Save yourself the trouble and use bags for hops in the boil kettle...for mashing, I've had fewer problems with a bazooka screen than a traditional false bottom (use rice hulls for both as a little insurance). Hops do NOT equal crushed grain : ) ps: Use 25% more hops in bags to compensate for lower utilization...unless you find you like the lower IBU IPAs : )
Thanks for the response. I have done hop bags in the past, didn't care for them much at all. I had zip ties that didn't stay zipped, I've tied the bag off, etc., etc. I got tired of emptying them out every time I brewed, and never got them clean again (fuzzy stuff would attach in the laundry). I thought of just buying new ones every time, but that seems like a waste of money as well as contributing to land fills. I compost all my spent hops, so getting all the bags out, opened, emptied is so much more timely than just dumping out the kettle into the pile. I also found that my aroma and flavor extraction was very low. Any suggestions on an easier way to bag hops? Can the paint strainer bags just go into the compost bin? Do I just add 25% more hops on all additions?

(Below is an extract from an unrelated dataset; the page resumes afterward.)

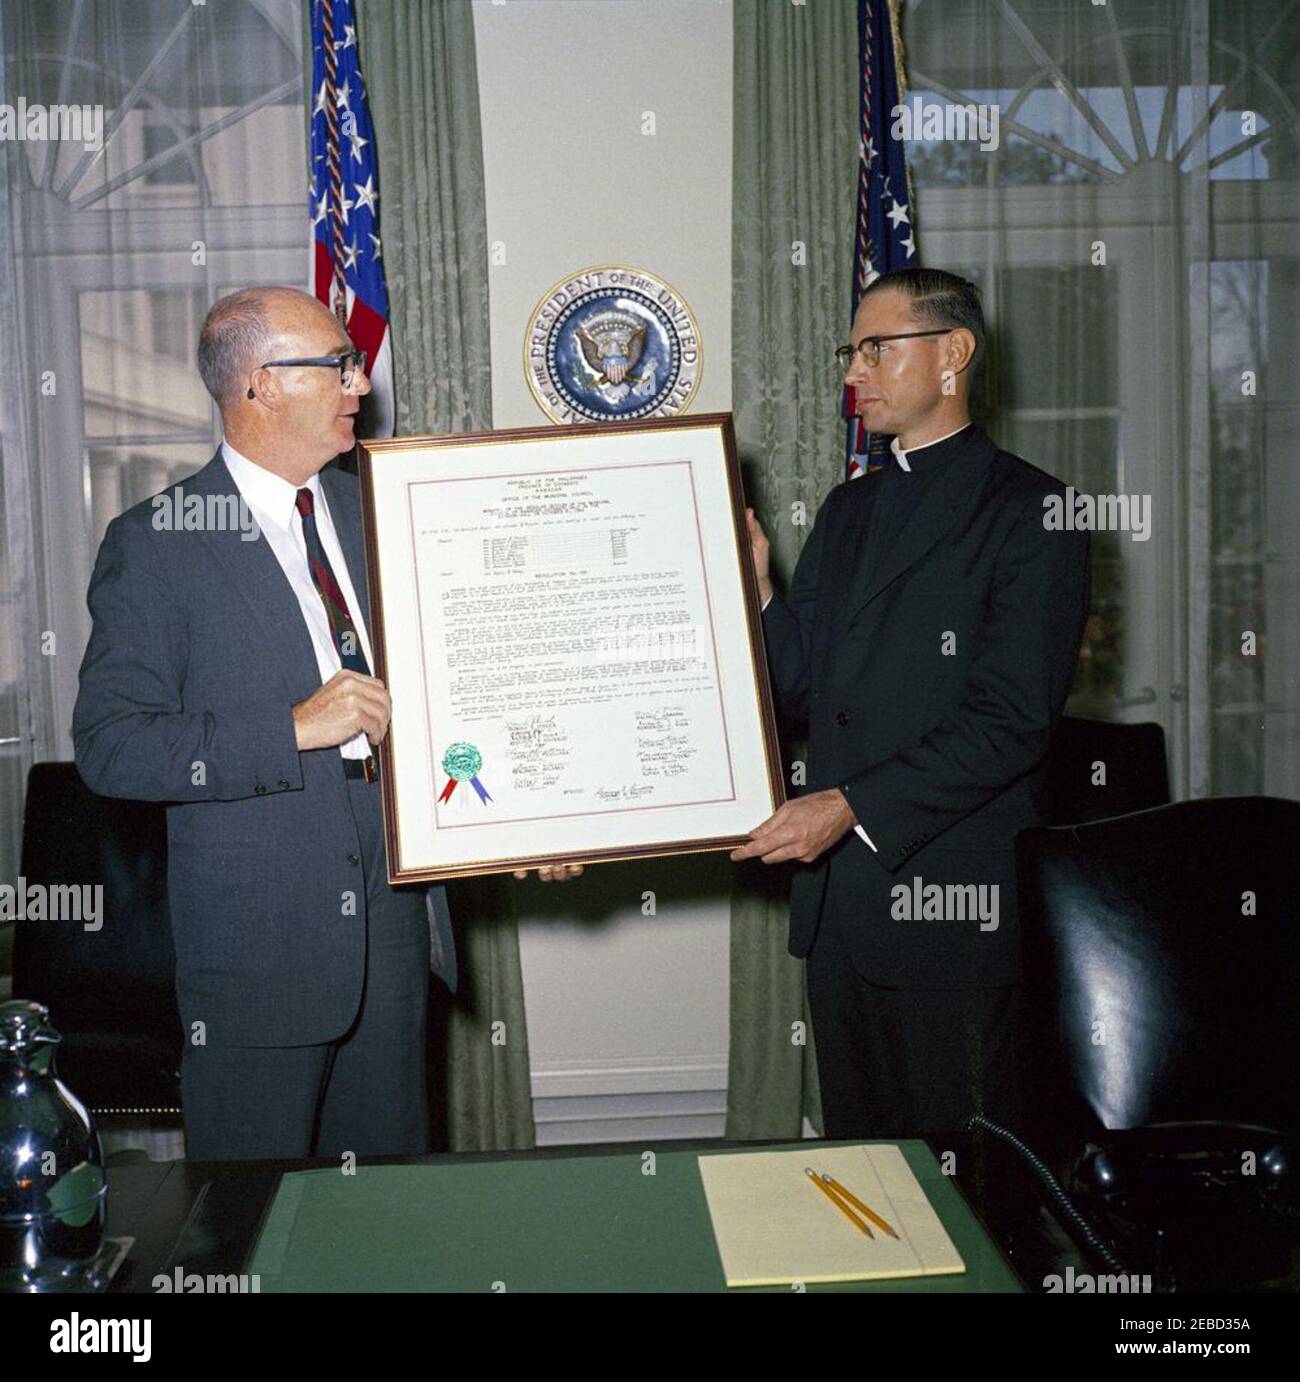 Resolution from the Province of Cotabato, Philippine Islands, presented to the White House. Presidential Assistant Dave Powers (left) accepts a resolution from Kabacan, in the Province of Cotabato, Republic of the Philippines (Philippine Islands); man at right is unidentified. Cabinet Room, White House, Washington, D.C. Stock Photo

Also, were I to go this route again... do you recommend the 2 gallon or the 1 gallon bags? The price difference is less than $.10 per bag when you buy 30 on Amazon
Let me just say that there might be more than one adequate solution to the problem of hop-clogged MFs (you know what that means : ) I use paint strainer bags from the hardware store simply because they are cheaper and bigger...and they can be tied in a knot easily. If they do fuck up...simply take them out...better than fucking with a clogged FB or BS. Consider a hop spider for ease of multiple additions. Don't be afraid to manipulate with sanitized hands...hops are pretty forgiving If you think 2 oz of FW bittering hops for a 10 gal batch of IPA is enough...use 3 oz : ) Cheers
They can be a pain to clean (always at the end of a brew session), but a little oxyclean will make them look new again...go big and/or stay at home : )
Here is my solution for my boil kettle using a bazooka screen. I used only whole hope loose; I bag any pellets. I really need to solder most of the copper together; right now it is just friction fit. It drains very efficiently (i.e., no clogging issues), and there is room to the side for my immersion chiller.
Paint strainer bags do not go into the compost, they are nylon. In fact I do not put my spent hops into the compost either. Spent grain, yes, but not the hops. Maybe it is just over-concern, but I don't want any anti-microbial activity in my compost. And I have never used the washing machine for the bags. I don't think it's a good idea to mix them in a wash soup with all kinds of microbes, but again that could just be my over-concern. Oxyclean, then Star San and/or boil them and they get beautifully ready for next use. Guys I brew with all think I am too sanitary, but I don't think there is such a thing.
Seems the consensus is to go with hop bags, clean, wash in Oxyclean, and reuse. I will give this another try. I did the hop spider thing before, the hops all just stuck to the side of the bag on the way in and didn't get down to the boiling wort, and then I had to move it up and out of the way to get my IC into the kettle before the boil was over. One thing I really liked about hop bags before was the ability to squeeze the wort from the bag to avoid losses.
I just spray out the hop bags with a garden hose and hang them up to dry. I will boil the ones I use for dryhopping right before use, but no need to sanitize the ones that go in the boil.